** RECORDS TO PROCESS **

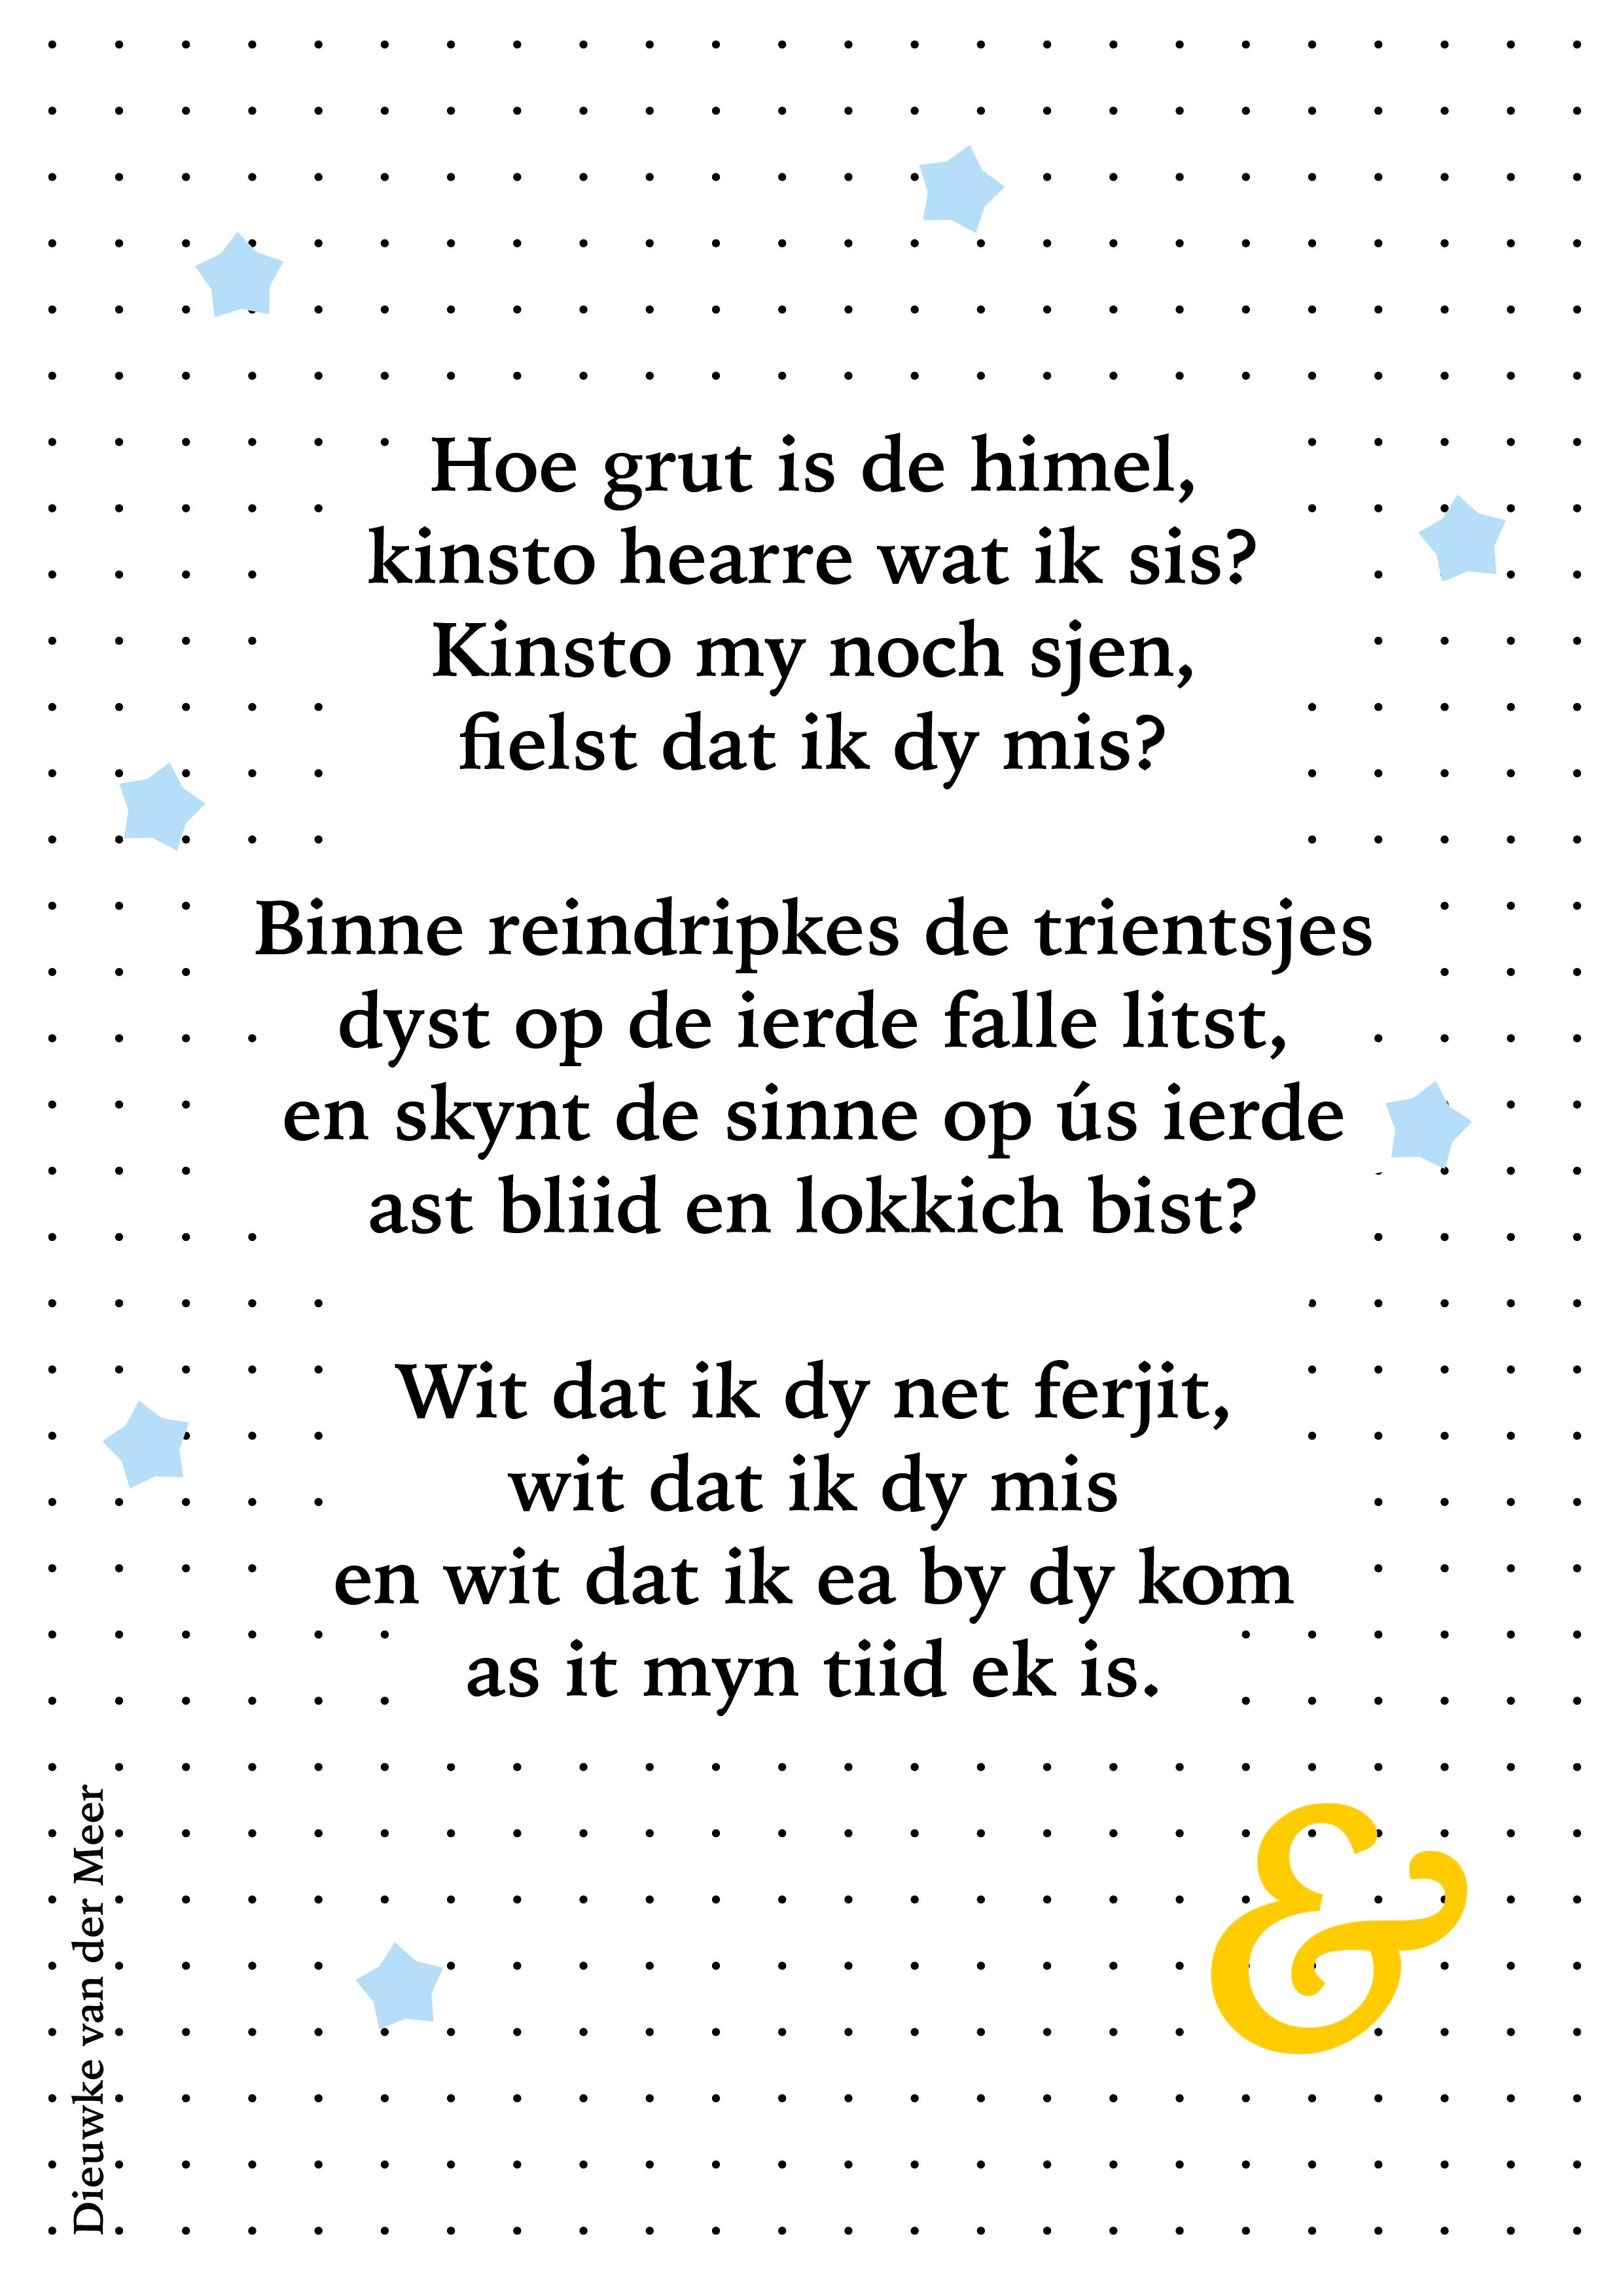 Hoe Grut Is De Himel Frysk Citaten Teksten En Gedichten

...

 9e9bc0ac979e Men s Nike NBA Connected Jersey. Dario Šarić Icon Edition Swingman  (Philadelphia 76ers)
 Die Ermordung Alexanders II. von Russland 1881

** WHAT THIS TASK INVOLVES **
What you return should be exactly the lines above, starting at the one with "9e9bc0ac979e Men s" and ending at the one with "Die Ermordung Alexanders", and nothing else.

** ANSWER FOR THIS EXERCISE **
 9e9bc0ac979e Men s Nike NBA Connected Jersey. Dario Šarić Icon Edition Swingman  (Philadelphia 76ers)
 Die Ermordung Alexanders II. von Russland 1881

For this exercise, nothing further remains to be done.